## WORK TASK
Your response should be an exact transcription of the data, images excluded.

## STORED DATA
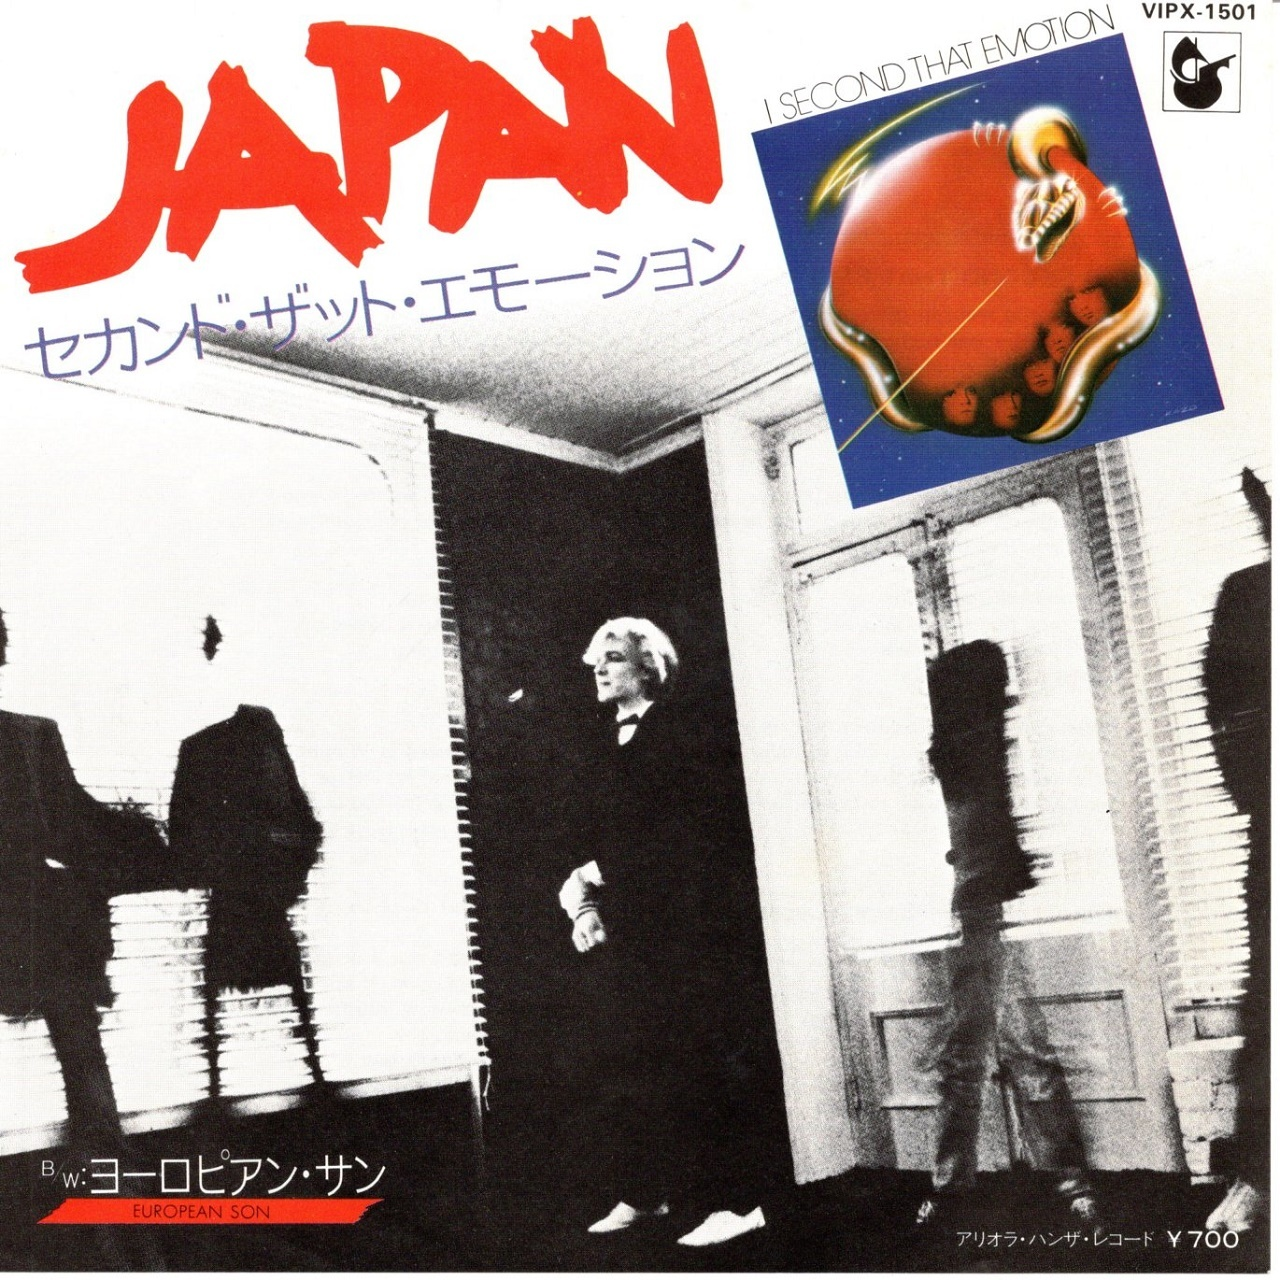 【7inch・国内盤】ジャパン  /  セカンド・ザット・エモーション
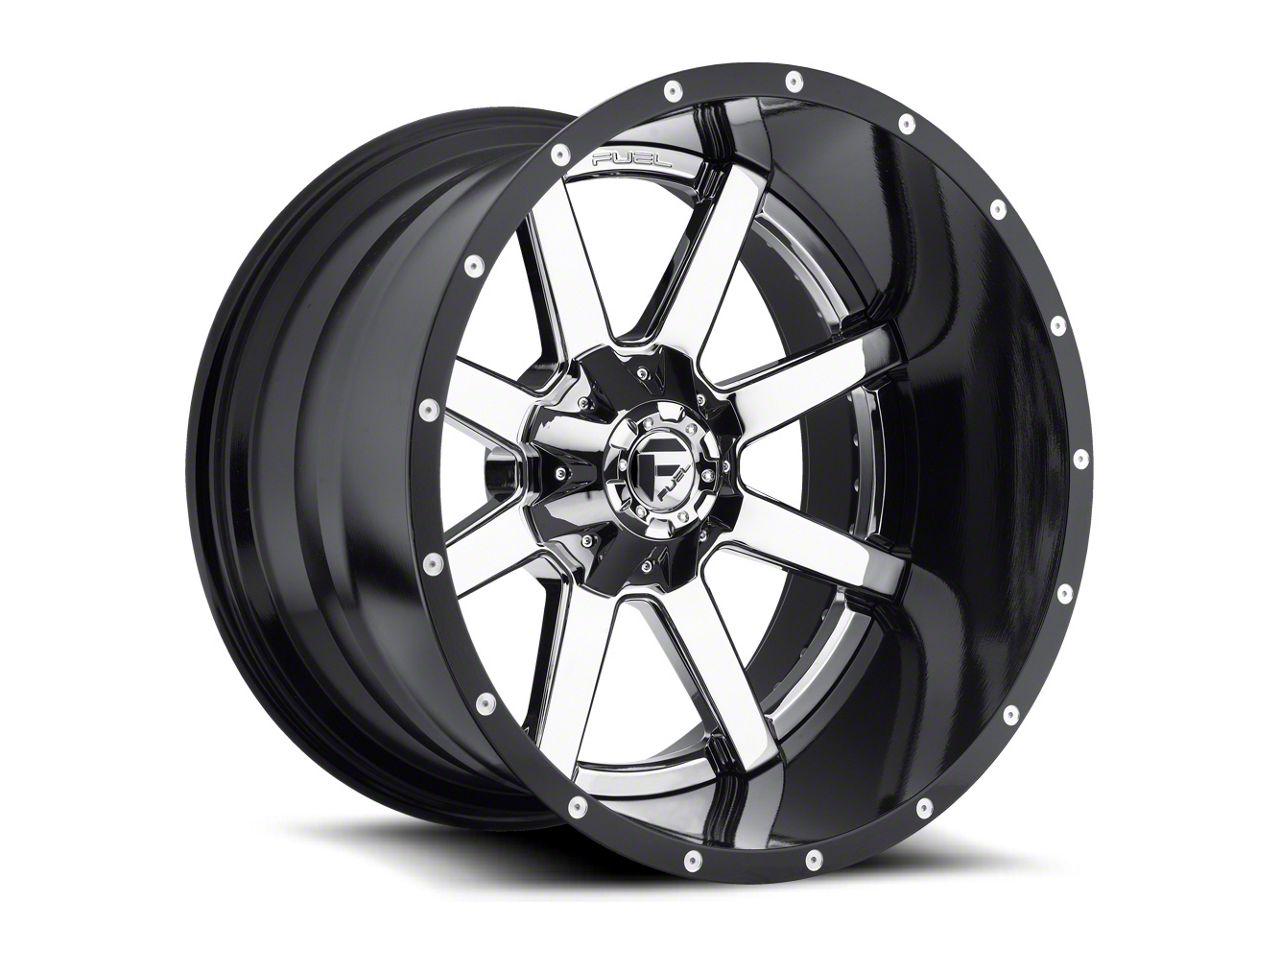 Fuel Wheels Maverick Chrome 5-Lug Wheel - 24x12 (02-18 RAM 1500, Excluding Mega Cab)
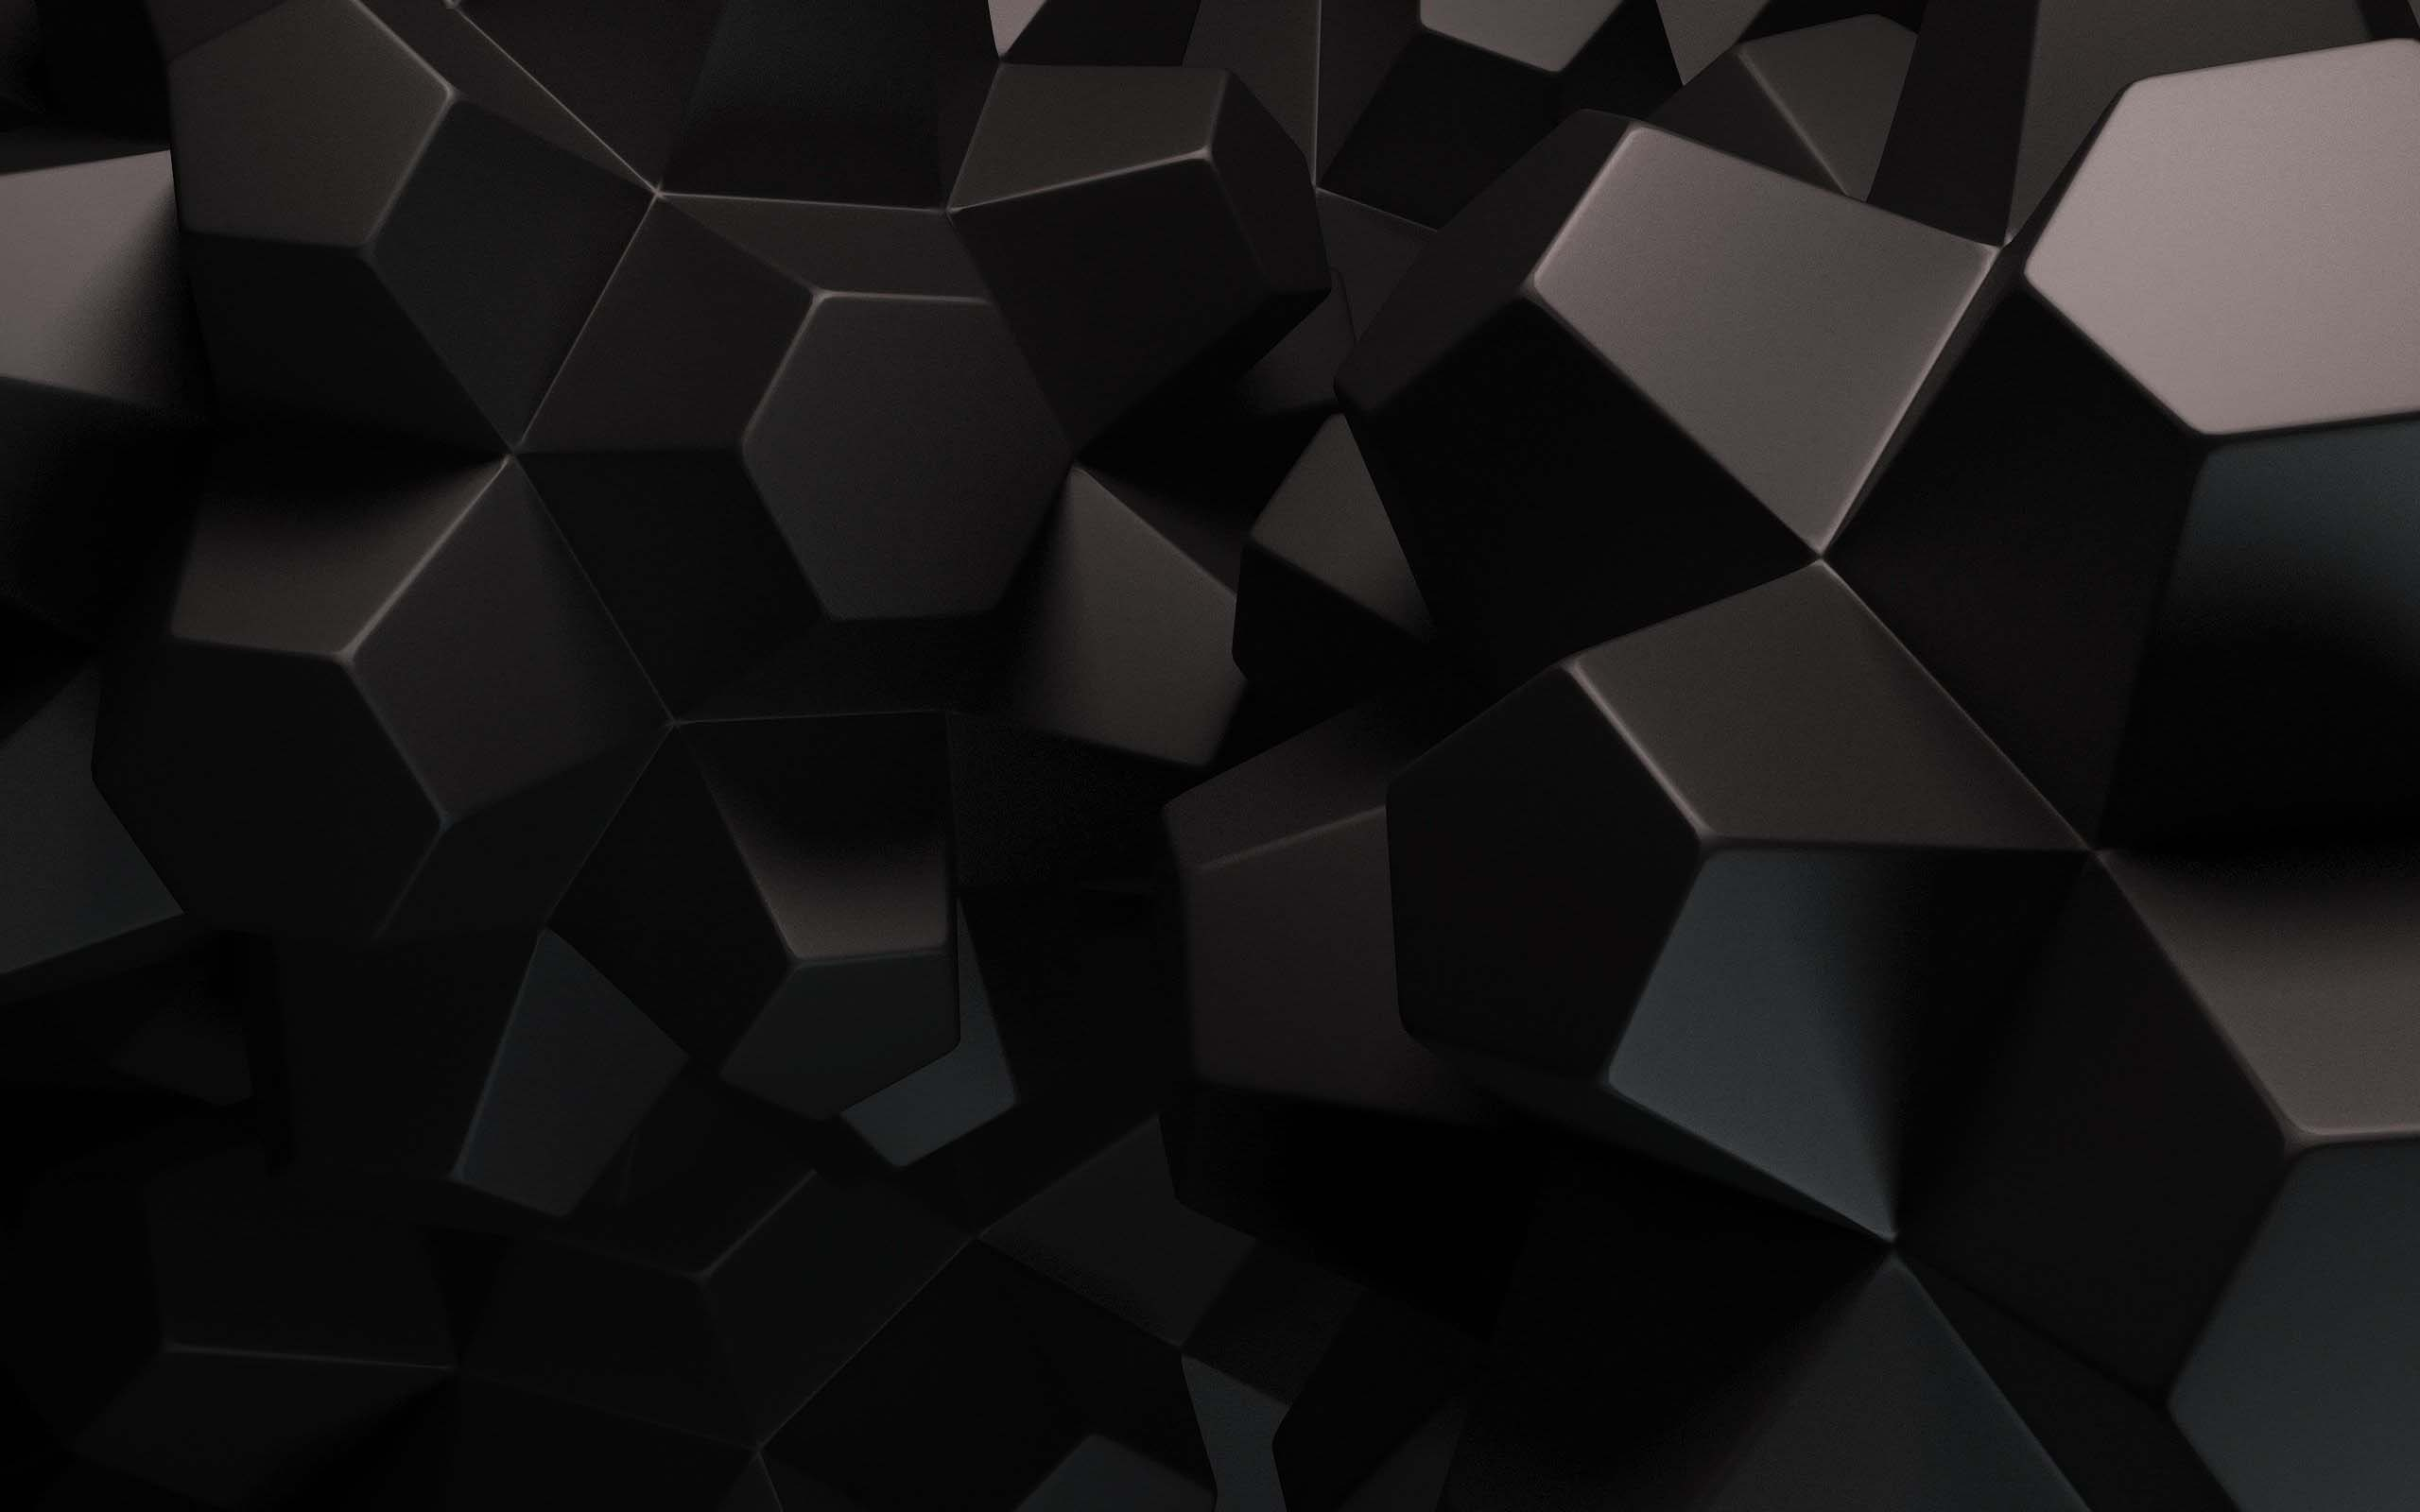 Hình nền đen 3D

## RESPONSE TO THE EXERCISE
 【7inch・国内盤】ジャパン  /  セカンド・ザット・エモーション
 Fuel Wheels Maverick Chrome 5-Lug Wheel - 24x12 (02-18 RAM 1500, Excluding Mega Cab)
 Hình nền đen 3D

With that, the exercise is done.